# Given data:
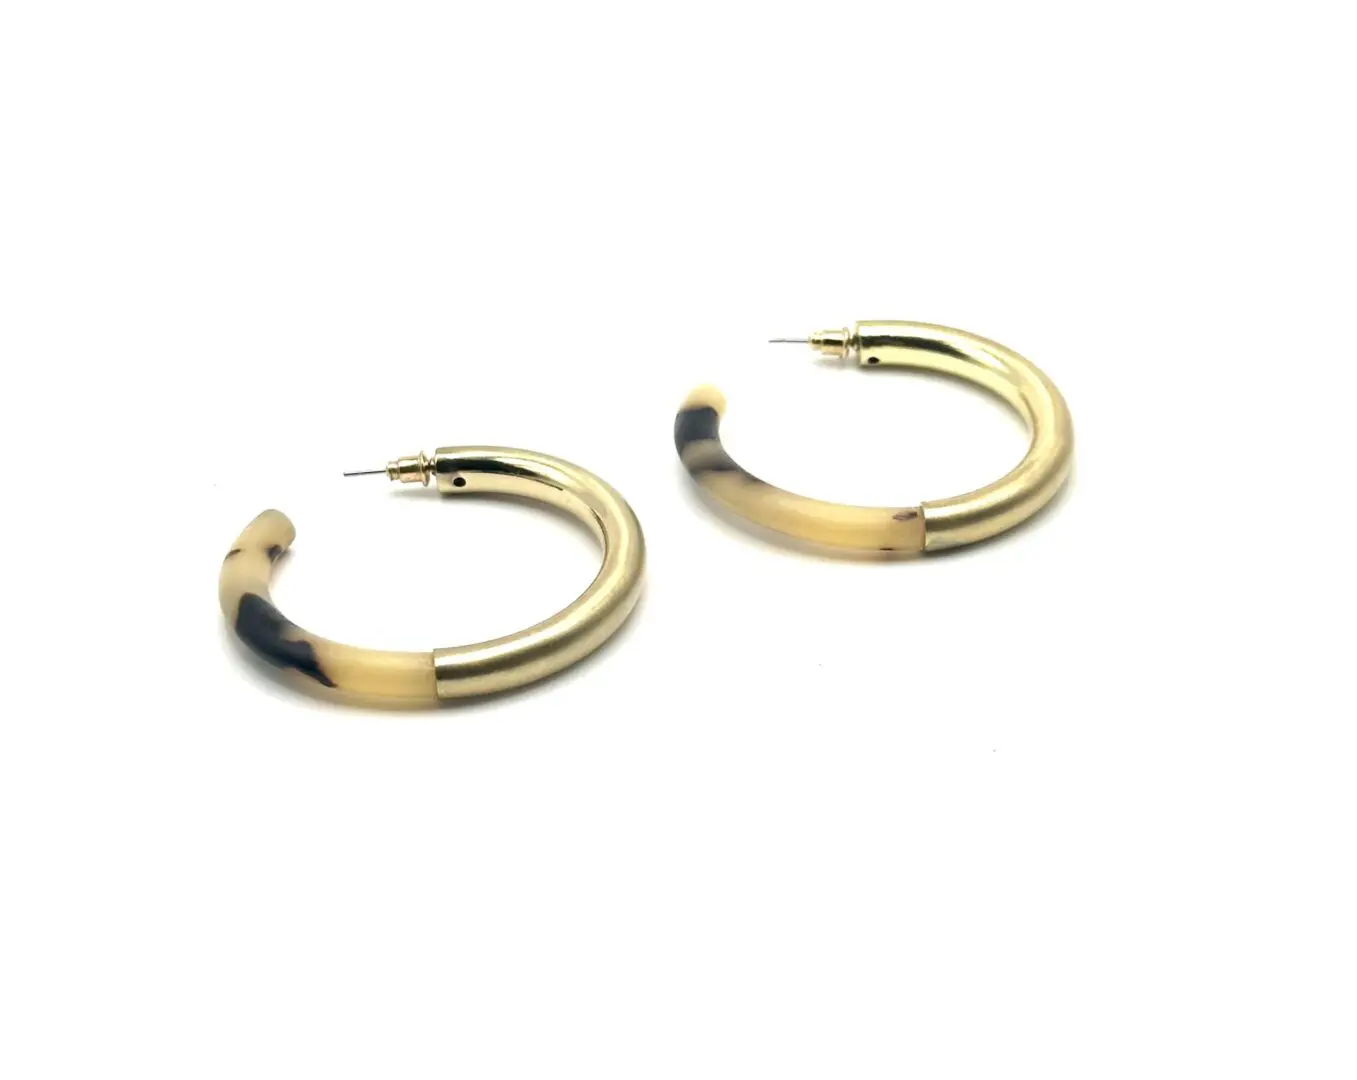 A pair of gold and black hoop earrings.
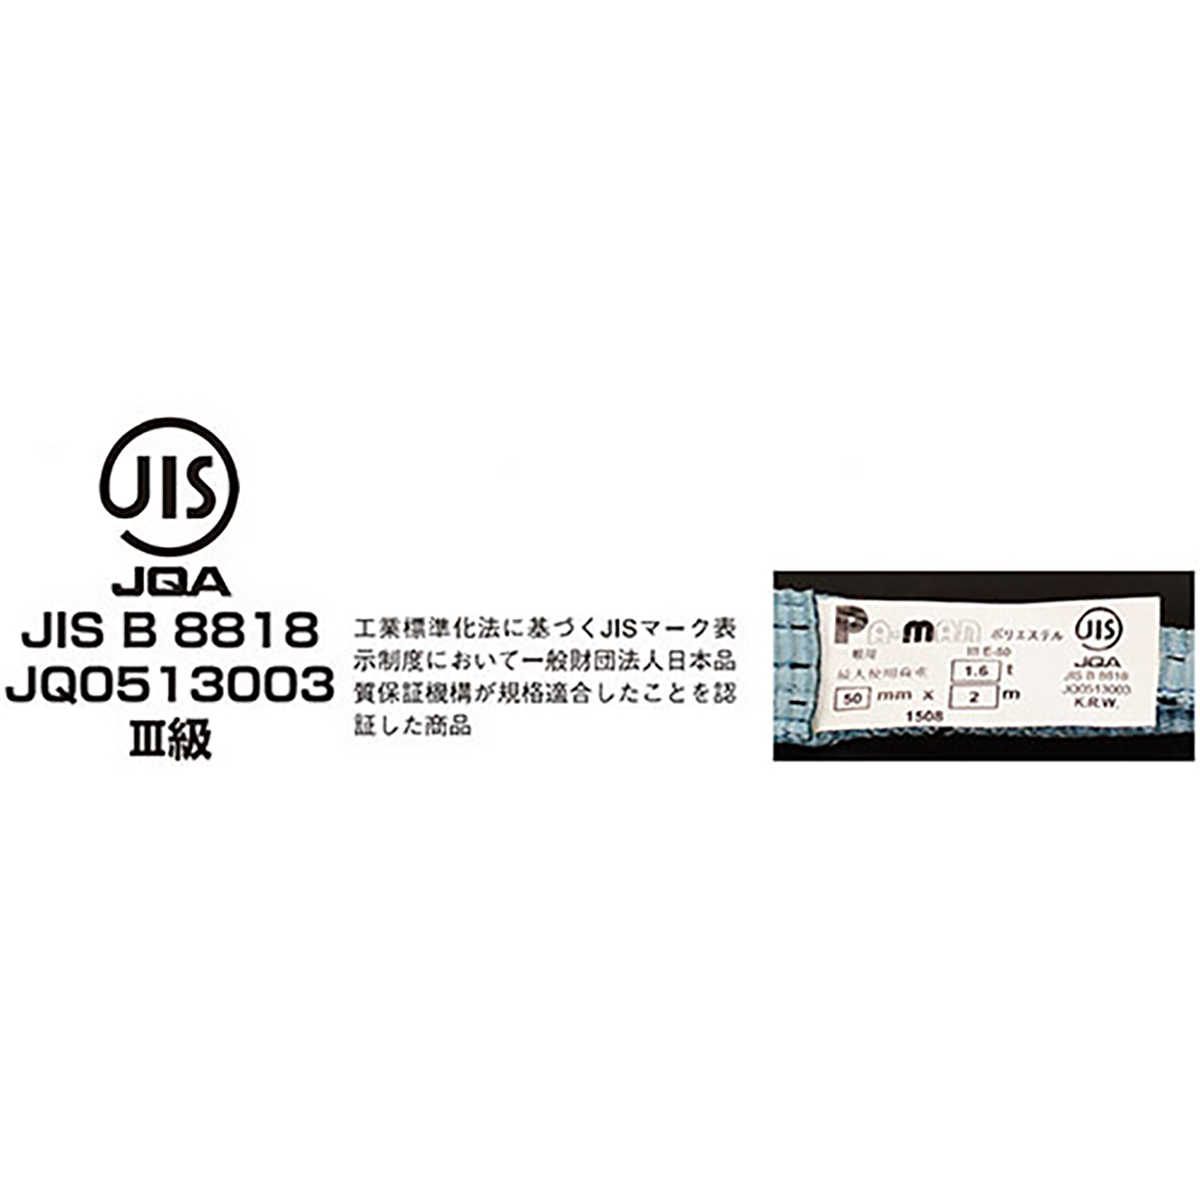 ポリベルトスリング JIS III級 ソフト面付 巾35mm 4m 1本
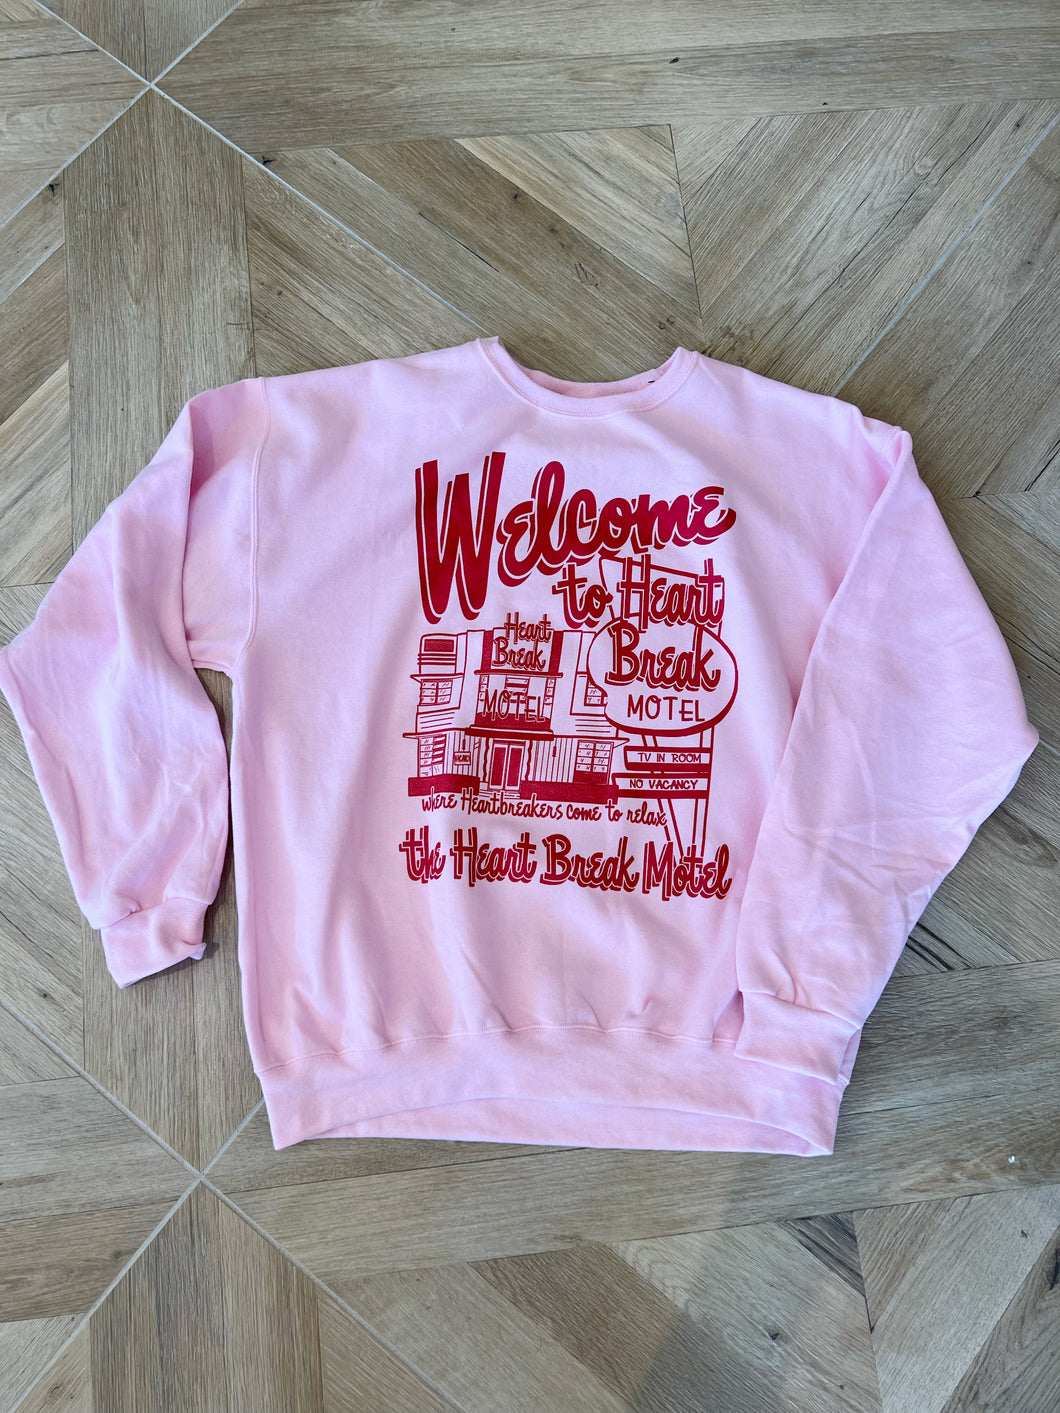 Oversized 90's Fit, Heart Break Motel Sweatshirt

# Exercise objective:
Set the listing down verbatim, excluding pictures.

# Exercise response:
 A pair of gold and black hoop earrings.
 ポリベルトスリング JIS III級 ソフト面付 巾35mm 4m 1本
 Oversized 90's Fit, Heart Break Motel Sweatshirt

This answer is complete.